China's Private Party
"The Party: The Secret World of China's Communist Rulers" by Richard McGregor.
On the desks of the heads of China's 50-odd biggest state companies, amid the clutter of computers, family photos and other fixtures of the modern CEO's office life, sits a red phone.
The red machine is like no ordinary phone. Each one has just a four-digit number. It connects only to similar phones with four-digit numbers within the same encrypted system. They are much coveted nonetheless. For the chairmen and women of the top state companies, who have every modern communications device at their fingertips, the red machine is a sign they have arrived, not just at the top of the company, but in the senior ranks of the Party and the government. The phones are the ultimate status symbol, as they are only given out—under the orders of the Party and government—to people in jobs with the rank of vice minister and above.

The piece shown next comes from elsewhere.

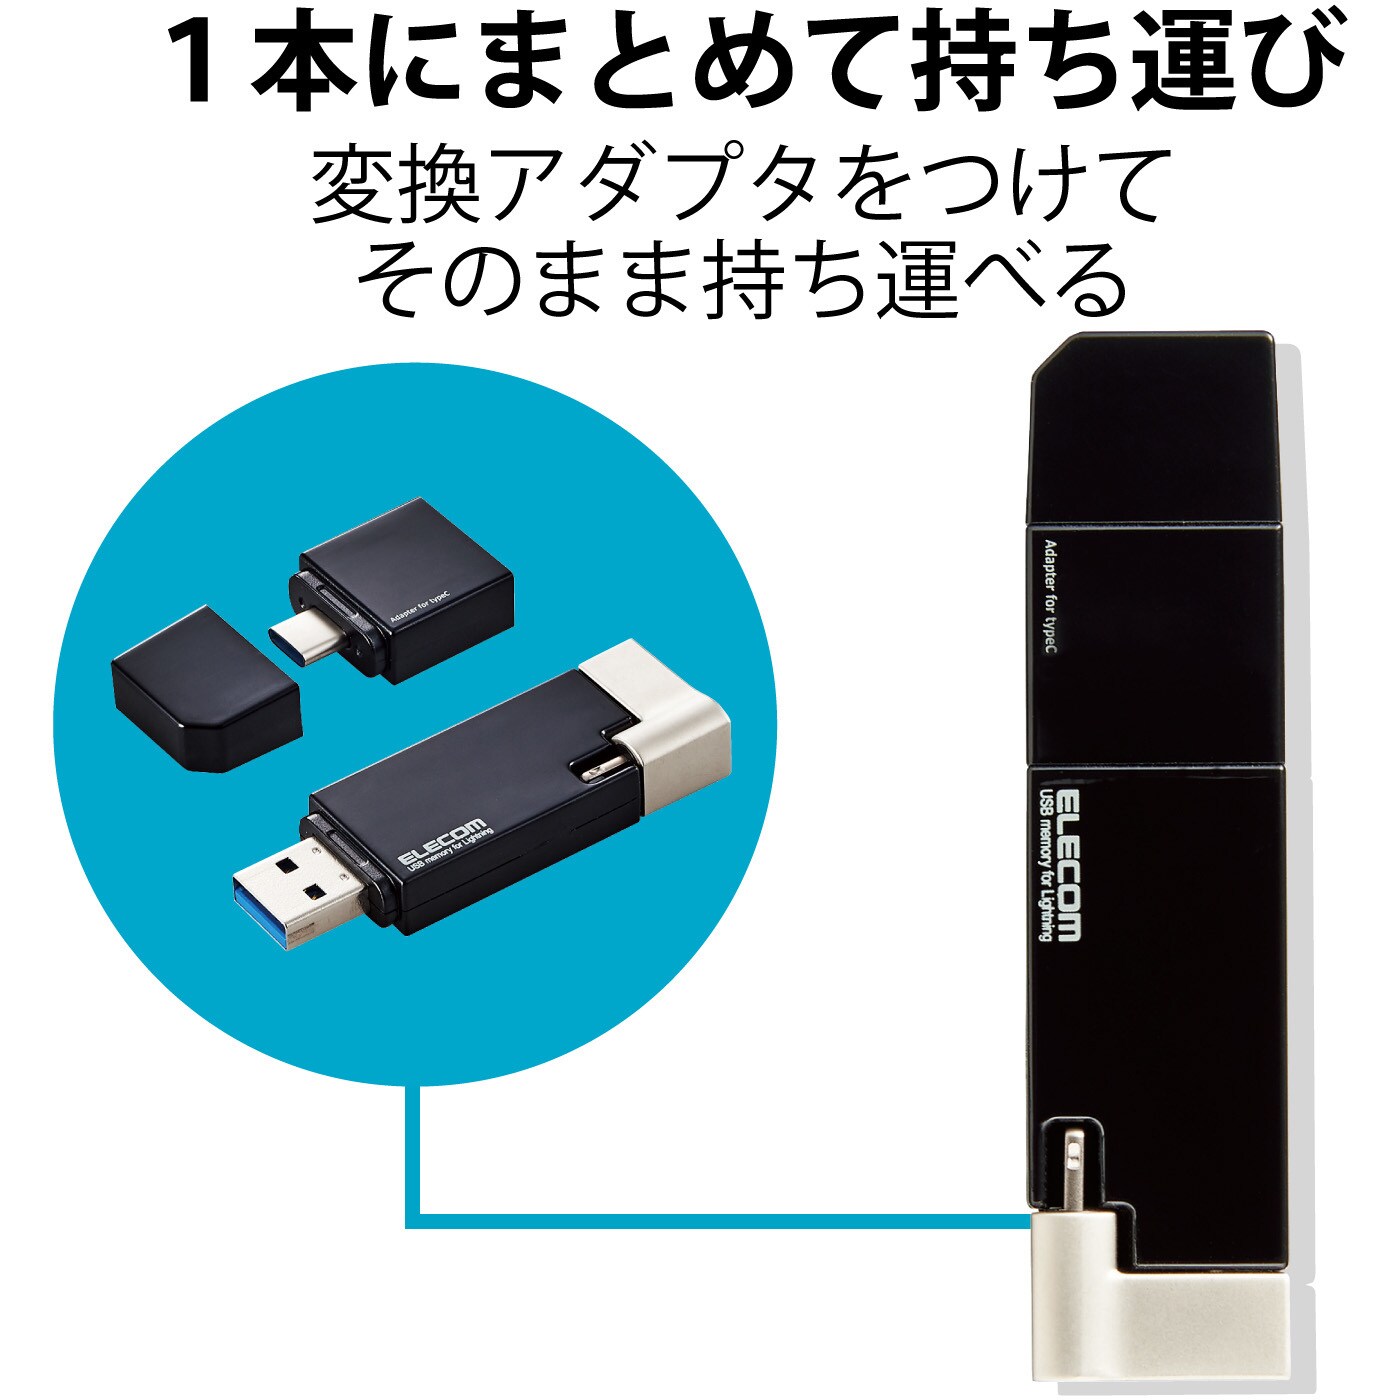 iPhone iPad USBメモリ Apple MFI認証 Lightning USB3.2(Gen1) USB3.0対応 Type-C変換アダプタ付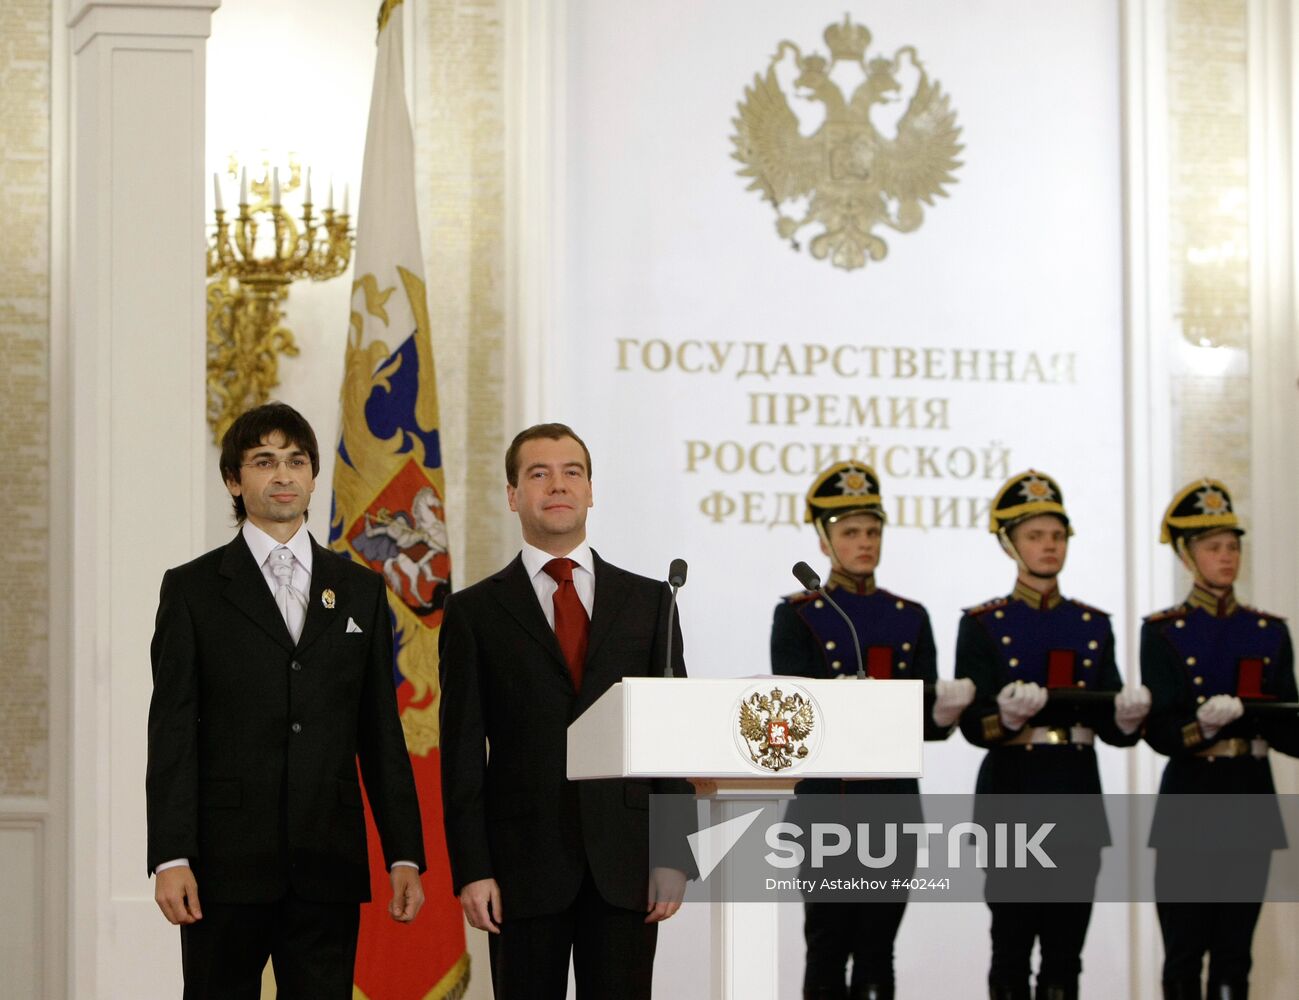 Dmitry Medvedev presents state awards 2008 at the Kremlin

The phones are encrypted not just to secure party and government communications from foreign intelligence agencies. They also provide protection against snooping by anyone in China outside the party's governing system. Possession of the red machine means you have qualified for membership of the tight-knit club that runs the country, a small group of about 300 people, mainly men, with responsibility for about one-fifth of humanity.
The Party's defense of power is also, by extension, a defense of the existing system. In the words of Dai Bingguo, China's most senior foreign policy official, China's "number one core interest is to maintain its fundamental system and state security." State sovereignty, territorial integrity and economic development, the priorities of any state, all are subordinate to the need to keep the Party in power.
Since installing itself as the sole legitimate governing authority of a unified China in 1949, the Party and its leaders have placed its members in key positions in every arm, and at each level, of the state. All the Chinese media come under the control of the propaganda department... The police forces at every level of government, from large cities to small villages, have within them a "domestic security department," the role of which is to protect the Party's rule and weed out dissenting political voices before they can gain a broad audience.
The Party in China has eradicated or emasculated political rivals; eliminated the autonomy of the courts and press; restricted religion and civil society; denigrated rival versions of nationhood; centralized political power; established extensive networks of security police; and dispatched dissidents to labor camps. ... The Party itself suffered an existential crisis after the collapse of the Soviet Union and its satellite states in 1992, an event that resonates to this day in the corridors of power in Beijing. After each catastrophe, the Party has picked itself off the ground, reconstituted its armor and reinforced its flanks. Somehow, it has outlasted, outsmarted, outperformed or simply outlawed its critics.
The implosion of the Western financial system, along with an evaporation of confidence in the U.S., Europe and Japan, overnight pushed China's global standing several notches higher. In the space of a few months in early 2009, the Chinese state committed $50 billion in extra funding for the International Monetary Fund and $38 billion with Hong Kong for an Asian monetary fund; extended a $25 billion loan to cash-strapped Russian oil companies; set aside $30 billion for Australian resource companies; offered tens of billions more to various countries or companies in South America, central and Southeast Asia, to lock up commodities and lay down its marker for future purchases. In September, China readied lines of credit of up to $60 to $70 billion for resource and infrastructure deals in Nigeria, Ghana and Kenya.
In the end the key take away point: Nothing succeeds like success. PRC is successful at least so far in the goals that it has set out for itself and that is the best advertisement for its governance model or the lack of it.